What is $\begin{pmatrix} 1 & 1 & 1 \\ 1 & 1 & 1 \\ 1 & 1 & 1\end{pmatrix}\begin{pmatrix} 1 \\ 1 \\ 1 \end{pmatrix}?$
On
Another ad hoc alternative:
Note that $B=A-aI = e e^T$, where$e$ is a vector of ones.
To solve $B v = t v$, we note that ${\cal R B} = \operatorname{sp} \{ e \}$, so the only non zero eigenvalue of $B$ can be found by solving $e e^T e = t e$, so get $t=e^T e = 3$.
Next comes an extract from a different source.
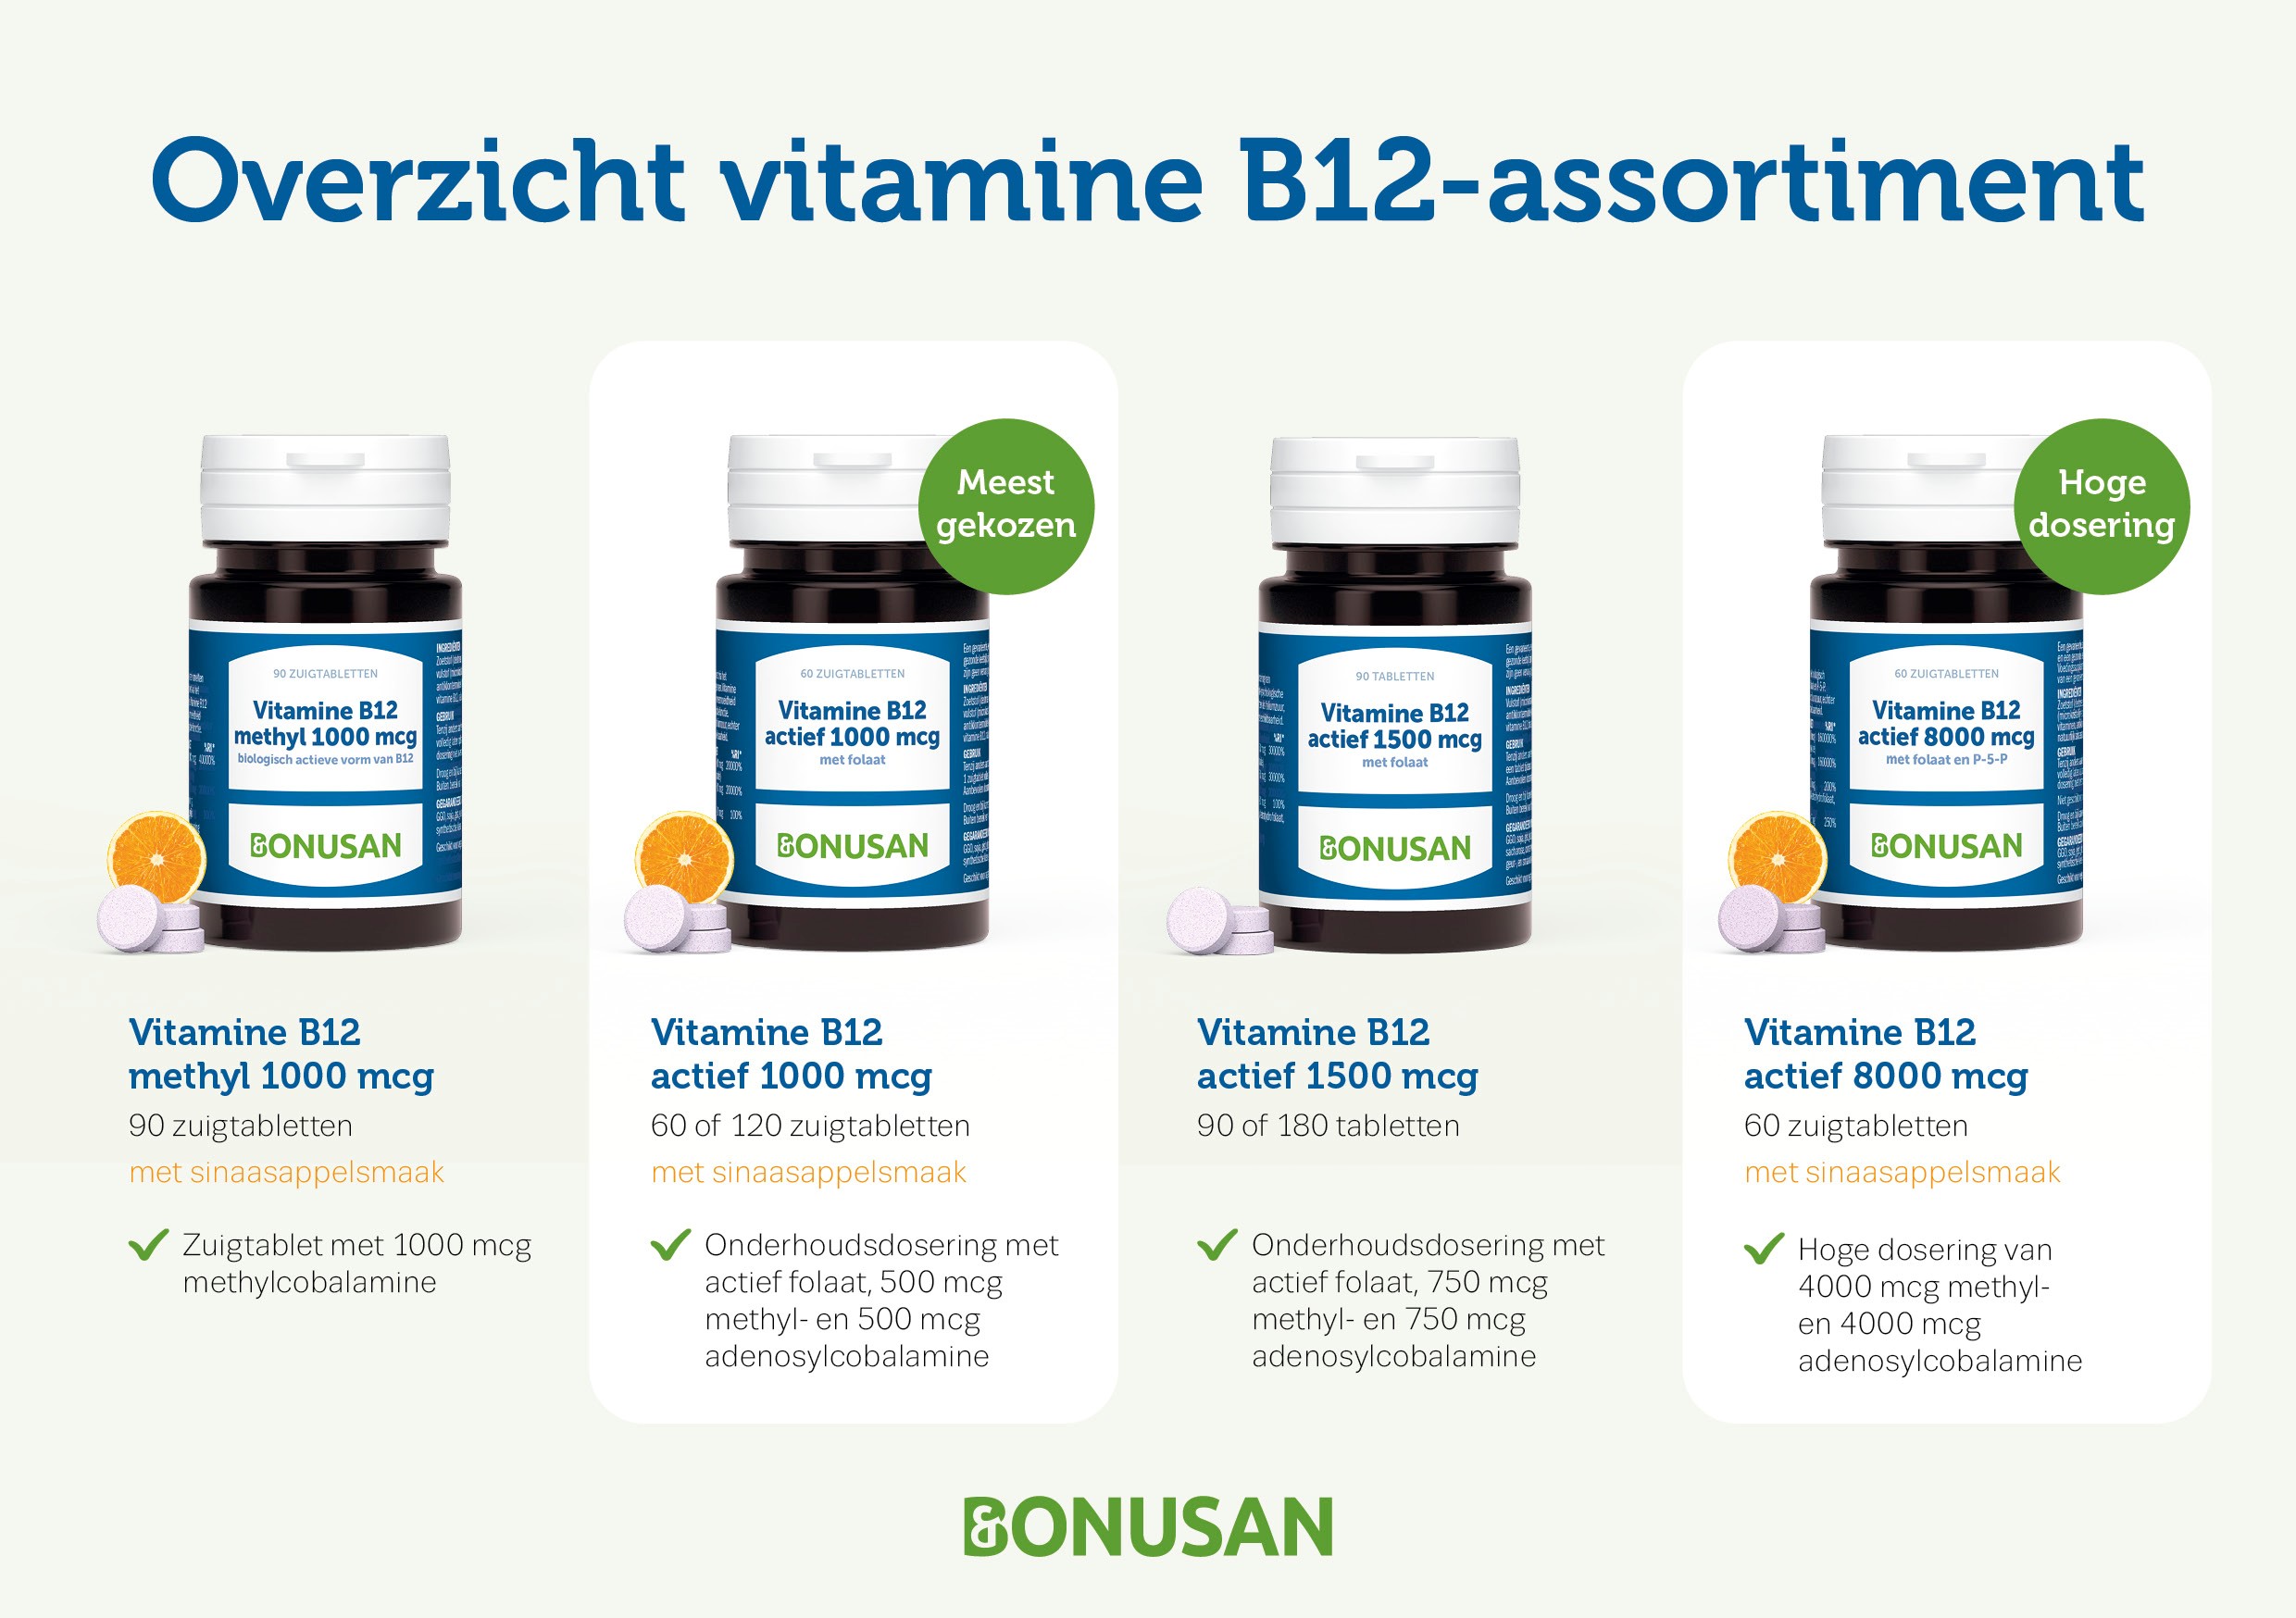 Vitamine B12 actief 1500 mcg

Since $\dim {R B} = 1$, we see that $\dim \ker B = 2$ and so $B$ has two zero eigenvalues (meaning there are two linearly independent $v_1,v_2$ such that $B v_1 = 0, B v_2 = 0$.
Since $\ker B = \ker e^T$, we can find two suitable $v_k$ by solving $e^T v = 0$.
Alternative answer: $A-aI_3=\begin{pmatrix} 1 & 1 & 1 \\ 1 & 1 & 1 \\ 1 & 1 & 1\end{pmatrix}$ clearly has eigenvalue $0$
with independent eigenvectors $\begin{pmatrix} 1 \\ -1 \\ 0 \end{pmatrix}$ and $\begin{pmatrix} 1 \\ 0 \\ -1 \end{pmatrix}.$
The sum of the eigenvalues is the trace of the matrix, which is $3$, so the other eigenvalue is $3$.
An eigenvector corresponding to the eigenvalue $3$ is in the kernel of $\begin{pmatrix} -2 & 1 & 1 \\ 1 & -2 & 1 \\ 1 & 1 & -2\end{pmatrix}$ , i.e. $(-2,1,1)\times(1,-2,1)=(-3,-3,-3)$.